This is a truly wonderful frame: a dynamic a tour de force. I saw the frame at a friend's house and instantly fell in love with it. The designer is an anonymous Edwardian carver. Wish I could thank him!
The mirror (or picture) frame looks very complicated but in fact it's lots of small cuts added together, like a carved moulding. If you can do one small section, you can do it all. You just have to keep going! Thus this is a great project to build technical skill.
In this introductory lesson, I look at the frame itself, the way of holding it and laying out the pattern
| 24 May 2020 20:49
thanks a lot for this project. it is fun, lovely and you have to practice every detail separately . So you really learn a lot about the tool and how to work with the direction of the wood.

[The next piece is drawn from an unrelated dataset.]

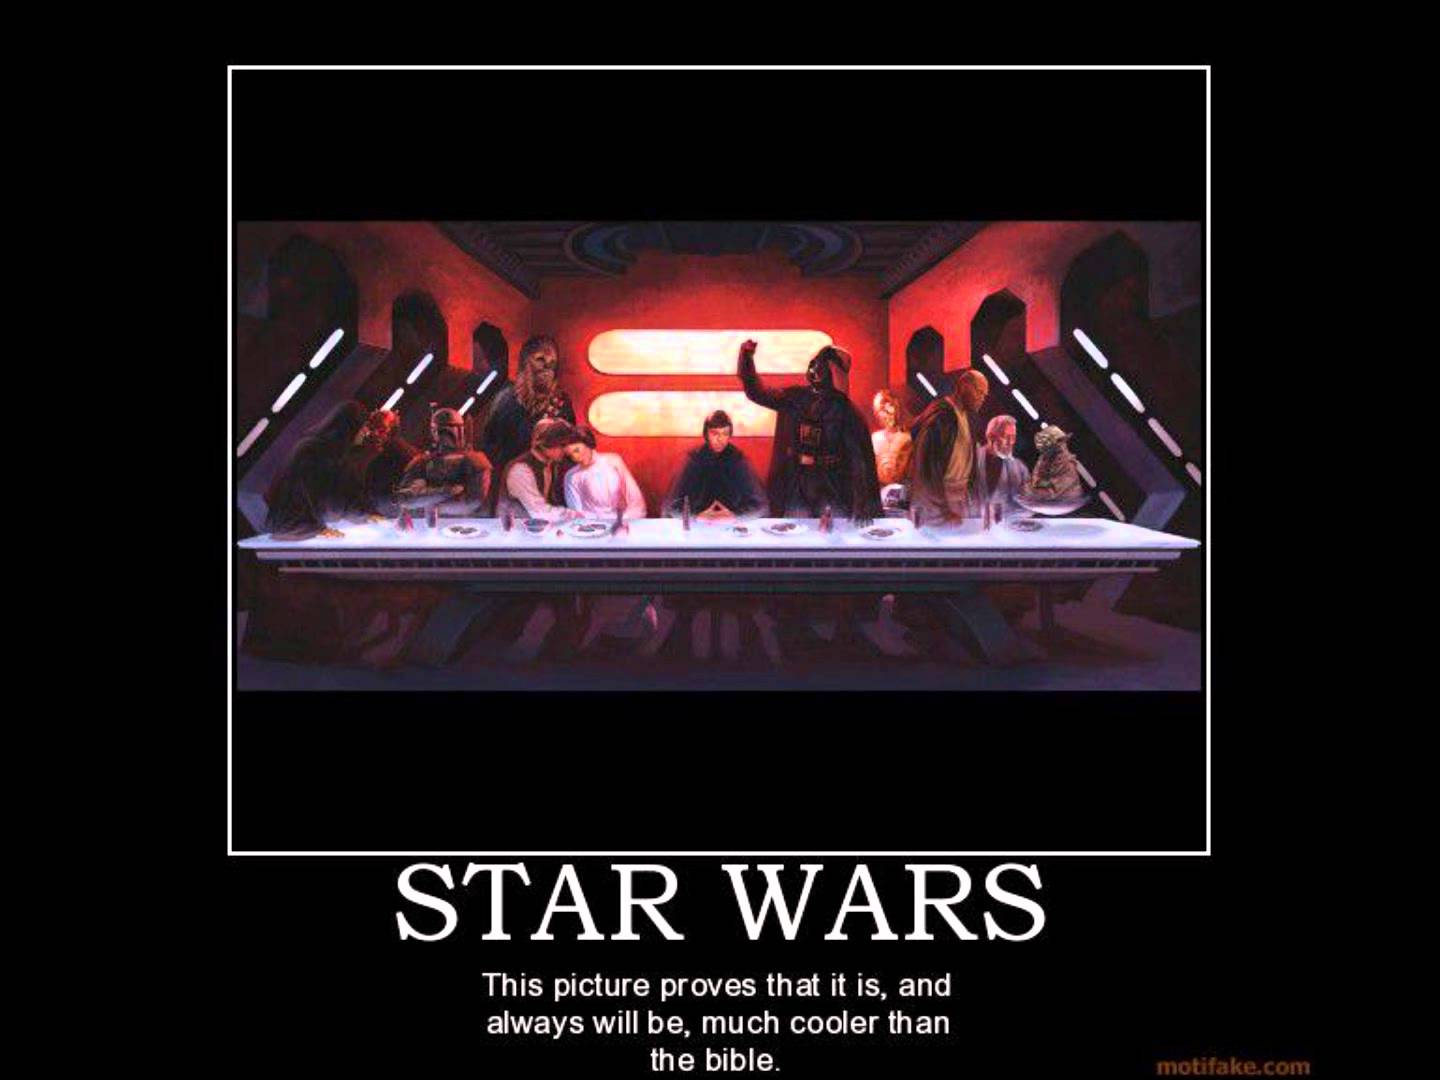 Funny Star Wars Image

I hope you will show us how to carve other ornaments in future.
| 18 April 2016 07:52
John - I do the same as Penny. (I love my scanner/copier!) If you don't have a copier, freehand one complete 'unit' of the design to the right size, then tape it to a window or glass that you can shine a strong light through. Take a strip of paper with 2 lines representing the run of your moulding and overlay it onto the unit and very carefully trace a repeating pattern. A good way to work is from the centre of any side towards the corners. The design at the corner is where you can compensate - making adjustments to the corner design.
When you change the size of my design you will, of course, change the size or sweep of the tools I used; so you might like to practise carving the single unit: making sure you have the right tools and adjusting the pattern accordingly before committing to the actual frame.
Best of luck with this carving. Looking forward to seeing it in the gallery!
| 16 April 2016 22:53
I adjust the size on my copy machine.
| 16 April 2016 18:51
I can't seem to find how to adjust the pattern to fit the frame size that I have --- blind in one eye and can't see out of the other??